Microsoft advances its move against adware, browser hijackers and other potentially unwanted applications (PUAs) in enterprise corporate networks, as it launches its PUA protection in its anti-malware products.
The new feature is available in Microsoft’s System Centre Endpoint Protection (SCEP) and Forefront Endpoint Protection (FEP) as an option that can be turned on by system administrators.
PUA signatures are included in the anti-malware definition updates and cloud protection, so no additional configuration is needed.
Potentially unwanted applications are those programmes that, once installed, also deploy other programmes without users’ knowledge, inject advertisements into Web traffic locally, hijack browser search settings, or solicit payment for various services based on false claims.
“These applications can increase the risk of your network being infected with malware, cause malware infections to be harder to identify among the noise, and can waste helpdesk, IT, and user time cleaning up the applications,” researchers from the Microsoft Malware Protection Centre said in a blog post.

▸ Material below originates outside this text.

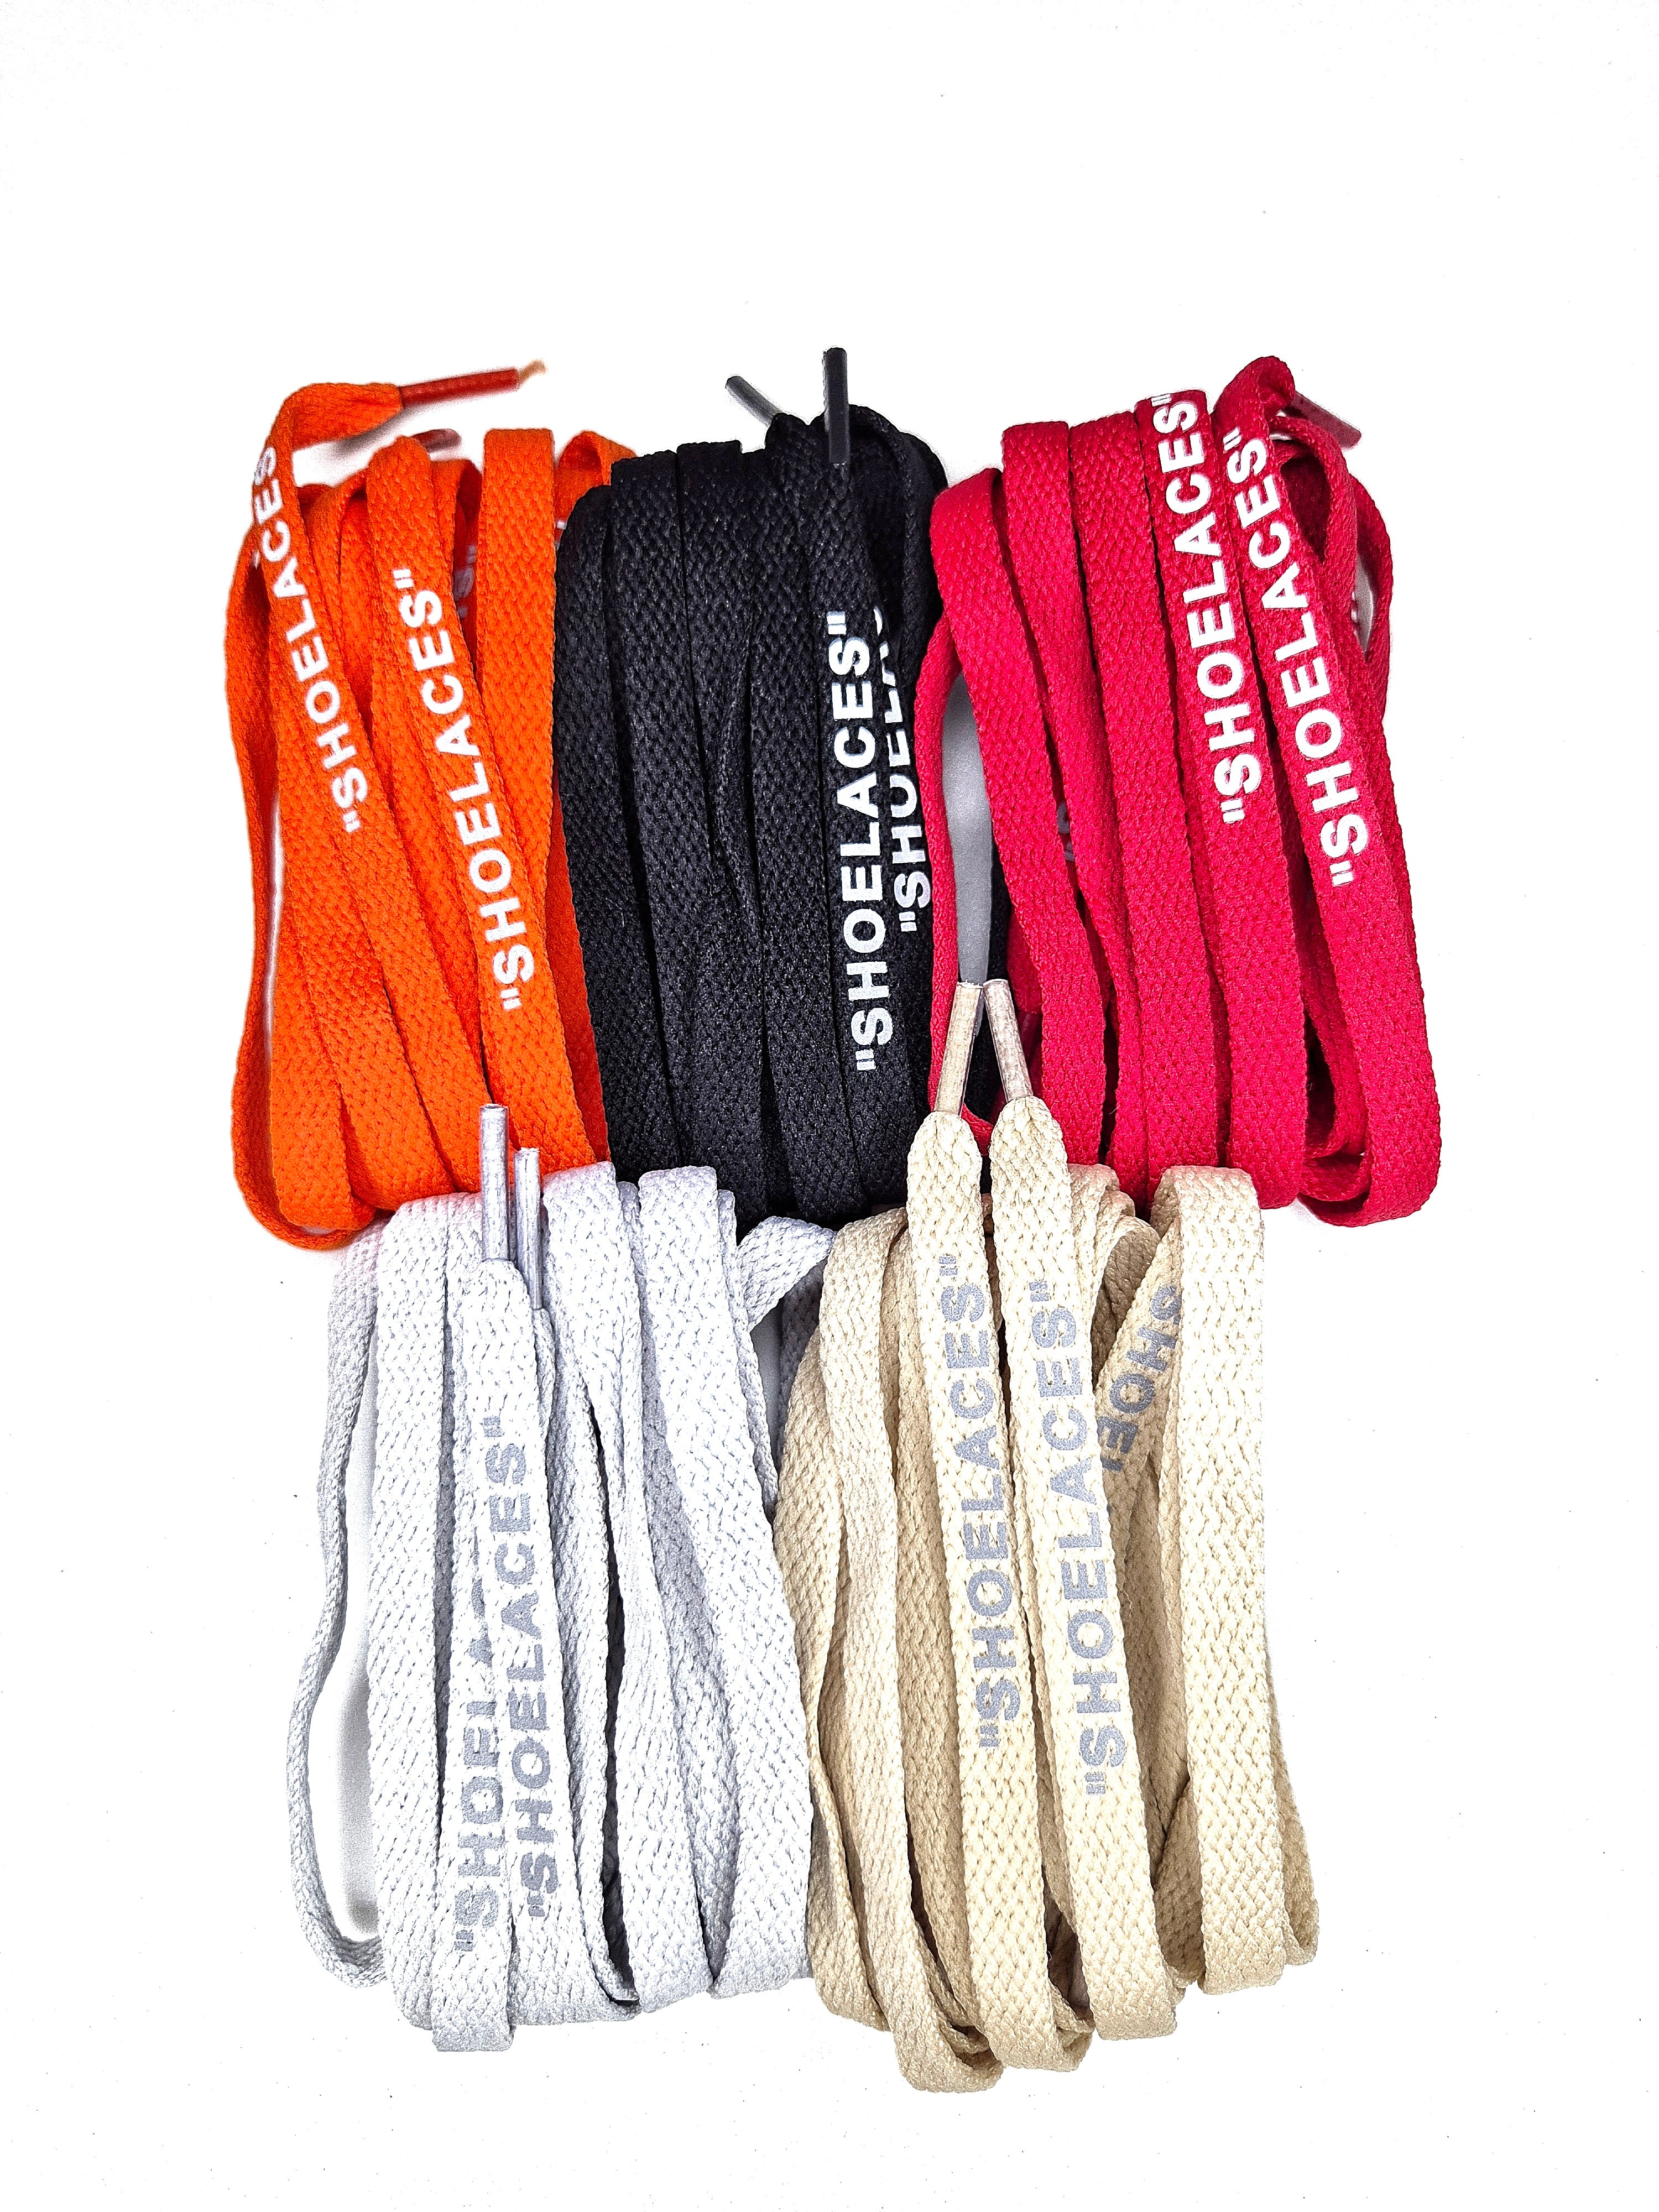 Off-White Style"Shoelace Reflective" 5 pairs Flat combo by TGLC

System administrators can deploy PUA protection for the specific anti-malware product version in their organisation through the registry as a Group Policy setting.
Microsoft recommends that this feature be deployed after creating a corporate policy that explains what potentially unwanted applications are and prohibits their installation. Employees should also be informed in advance that this protection will be enabled to reduce the potential number of calls to the IT helpdesk when certain applications that worked before start being blocked.
If the network is already likely to have many PUA installations, it’s recommended to deploy the protection in stages to limited number of computers in order to see if any detections are false positives and to add exclusions for them. Exclusion mechanisms based on file name, folder, extension and process are supported, the Microsoft researchers said.